A short SQL primer
SQL is a programming language that is specifically designed for querying, manipulating, and analyzing data. Even though SQL was originally developed in the early 1970s, it is widely used in modern data platforms and tools, with its adoption continuing to increase. SQL is a declarative language, which means that it allows us to focus on what we want to do with data, rather than having to worry about specifying the low-level steps for how to do it. It is also a rather versatile language, being frequently used across many types of applications, from ad hoc querying of data extracts to large-scale data processing pipelines and complex data analysis and reporting.
SQL’s versatility across analytical data applications, combined with its ubiquity and familiarity for many data practitioners, makes it a sensible choice for DuckDB to adopt as its primary language for managing, transforming, and querying data. It’s worth noting that SQL isn’t the only programmatic interface for interacting with DuckDB, as we’ll see later on in our DuckDB adventures. Given that many of the exercises in this book make use of SQL, in this section, we’ll go through a very short primer on some SQL fundamentals for readers who are newer to working with SQL or who haven’t used it for a while.
Creating your first DuckDB table
A database table is a collection of related data, organized in a tabular format consisting of rows and columns. Each row in a table represents a distinct record of the data being stored, while each column represents a specific attribute of the data stored in the table.

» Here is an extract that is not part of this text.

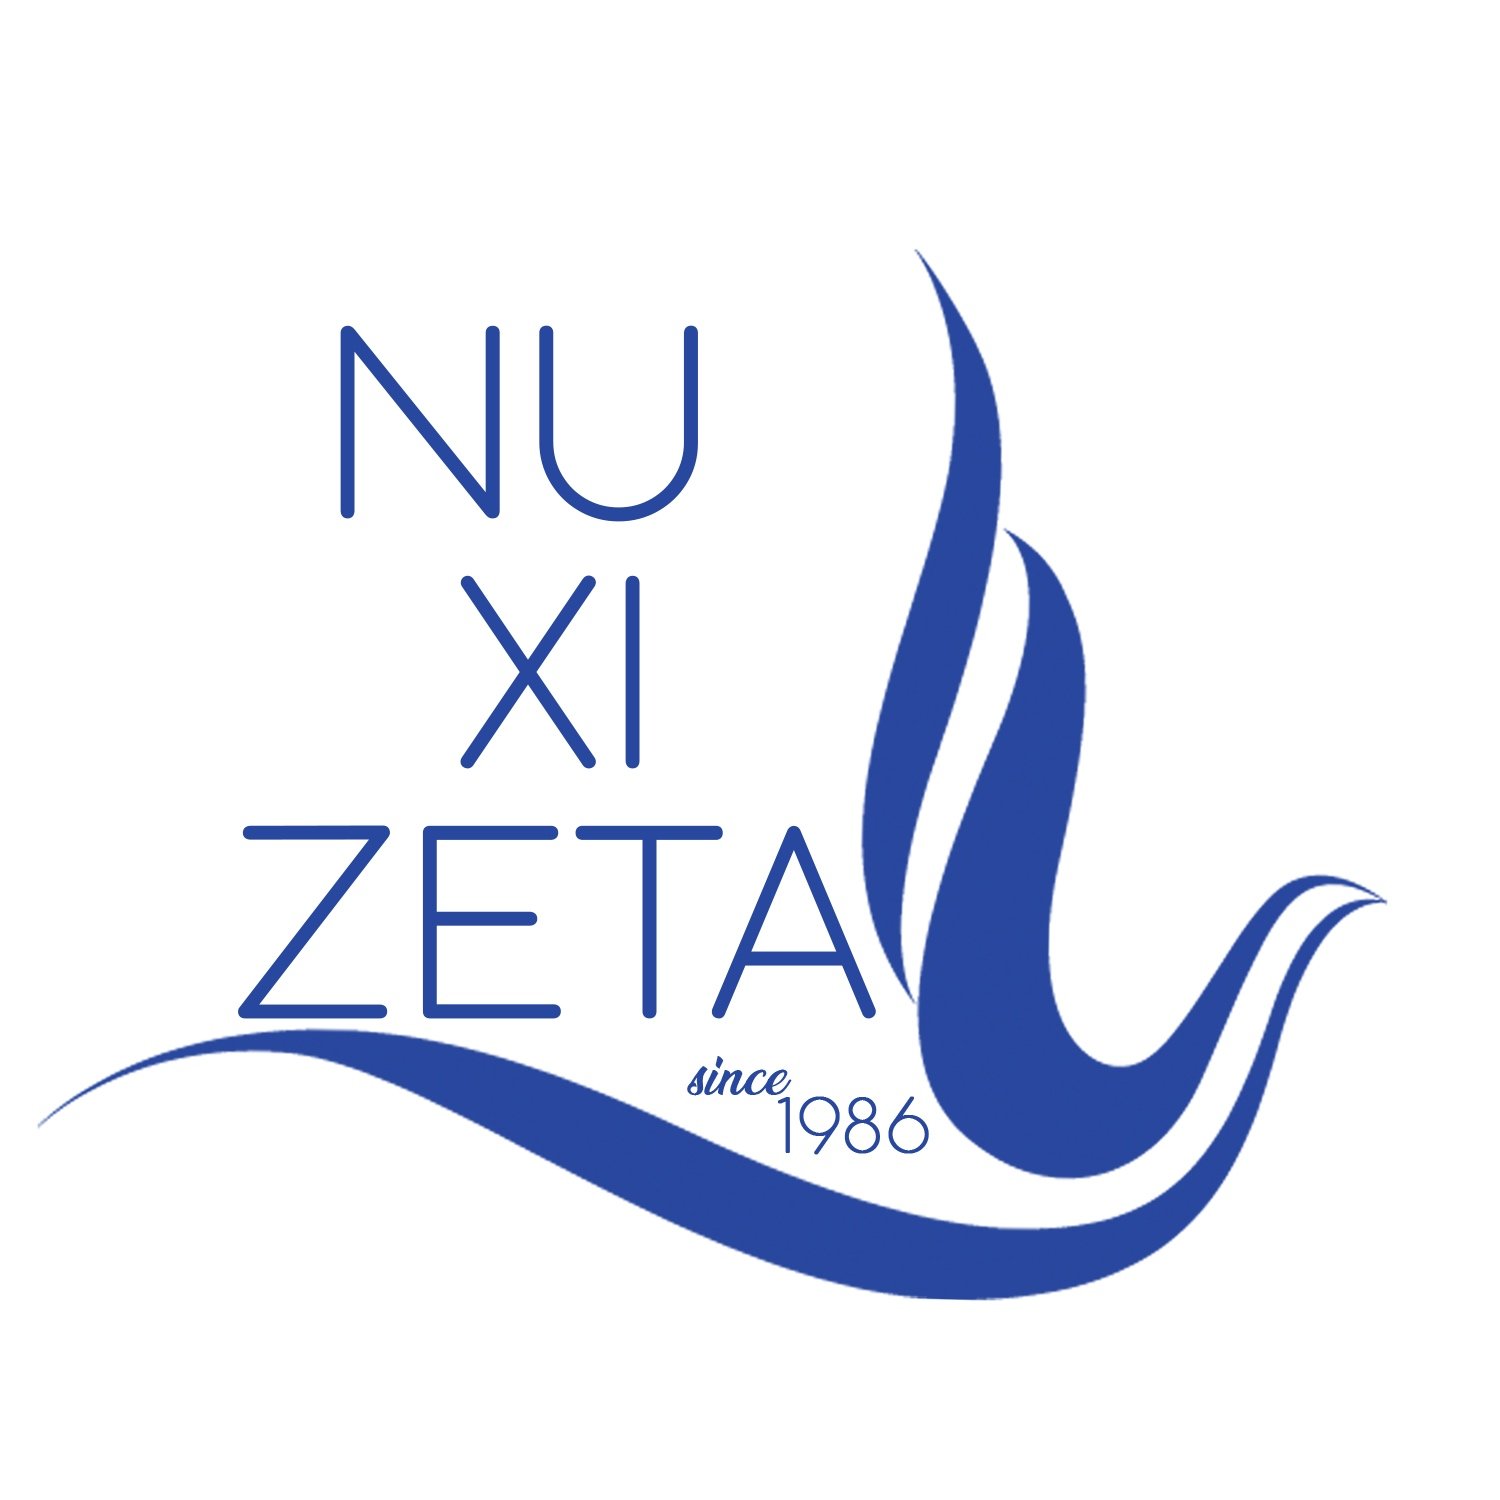 Nu Xi Zeta Chapter, Zeta Phi Beta Sorority, Inc.

Tables are an essential part of a database, providing a structured way to organize, store, and query data. Tables can also be linked to other tables through relationships, allowing for more complex data queries and analysis.
For our first example, let’s imagine we need to store information about food types in a database. Let’s create a table called foods
, with columns describing attributes of each food, such as food_name
, calories
, and is_healthy
. Each record in the foods
table would represent a unique food type, with specific information about each food item stored in corresponding columns.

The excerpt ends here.